I thought the "newx" was derived from the contr.poly() function but using this leads to a mismatch between my equation and the results derived from the predict() function. Can anyone help me understand what "newx" should be?

set.seed(101)
d <- data.frame(x=sample(1:4,size=30,replace=TRUE))
d$y <- rnorm(30,1+2*d$x,sd=0.01)
d$x = factor(d$x, labels=c("none", "some", "more", "a lot"))
Coefs <- coef(lm(y~ordered(x), d))
newx <- contr.poly(4)
predict(lm(y~ordered(x), d), newdata = data.frame(x = as.factor(c("none", "some", "more", "a lot"))))
Coefs[1]+(Coefs[2]*newx[1,1])+(Coefs[3]*newx[1,2]^2)+(Coefs[4]*newx[1,3]^3)
Coefs[1]+(Coefs[2]*newx[2,1])+(Coefs[3]*newx[2,2]^2)+(Coefs[4]*newx[2,3]^3)
Coefs[1]+(Coefs[2]*newx[3,1])+(Coefs[3]*newx[3,2]^2)+(Coefs[4]*newx[3,3]^3)
Coefs[1]+(Coefs[2]*newx[4,1])+(Coefs[3]*newx[4,2]^2)+(Coefs[4]*newx[4,3]^3)

Solution of the problem

Just give R a data frame with x values drawn from the levels of the factor ("none", "some", etc.), and it will do the rest.

I changed your setup slightly to change the type of x to ordered() within the data frame (this will carry through all of the computations).

d$x = ordered(d$x, labels=c("none", "some", "more", "a lot"))           
m1 <- lm(y~x, d) ## save fitted object       
Coefs <- coef(m1) 

Now we can predict():

predict(m1, newdata = data.frame(x=c("none","more"))) 
## 1 2
## 2.993959 6.997342 

(didn't have to explicitly say that the new x was ordered())

If you want to dig a little bit deeper into the computations, you can look at the model matrix:

model.matrix(~unique(d$x)) 

For each level of the factor, these are the values R multiplies the coefficients by to generate the prediction (e.g. for level = "none", 1*b0 + (-0.67)*b1 + 0.5*b2 - 0.223*b3)

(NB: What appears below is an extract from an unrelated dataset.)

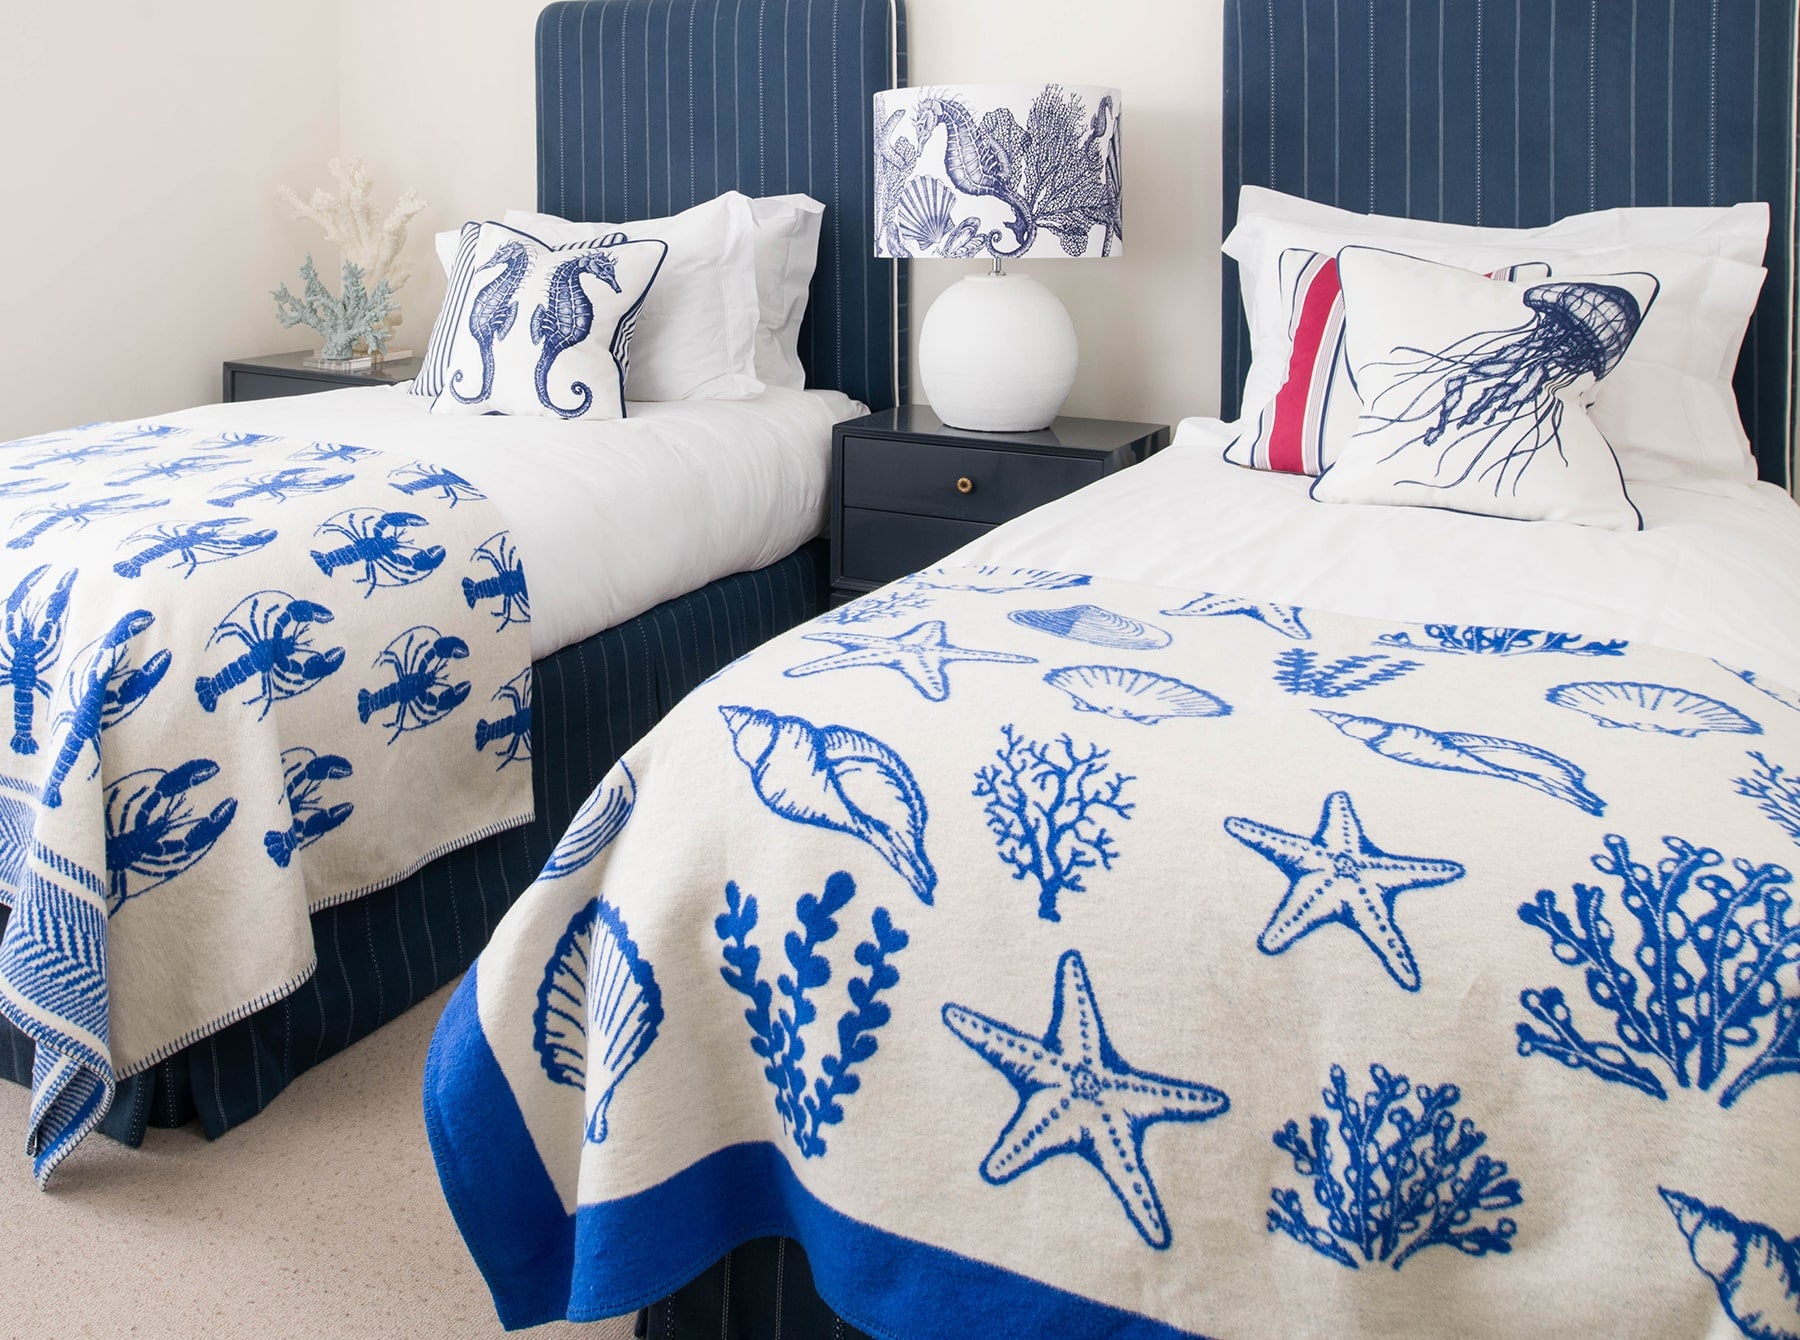 Our Classic Navy Seahorse design on a white background on a white lampbase on a side table between two single beds.On the beds are classic Navy and White cushions and our reversible throws are draped over the ends of the beds.

 (Intercept) unique(d$x).L unique(d$x).Q unique(d$x).C     
 1 1 -0.6708204 0.5 -0.2236068     
 2 1 -0.2236068 -0.5 0.6708204     
 3 1 0.2236068 -0.5 -0.6708204     
 4 1 0.6708204 0.5 0.2236068

For even more detail, look at ?poly or the source code of poly() (although neither of these is easy!)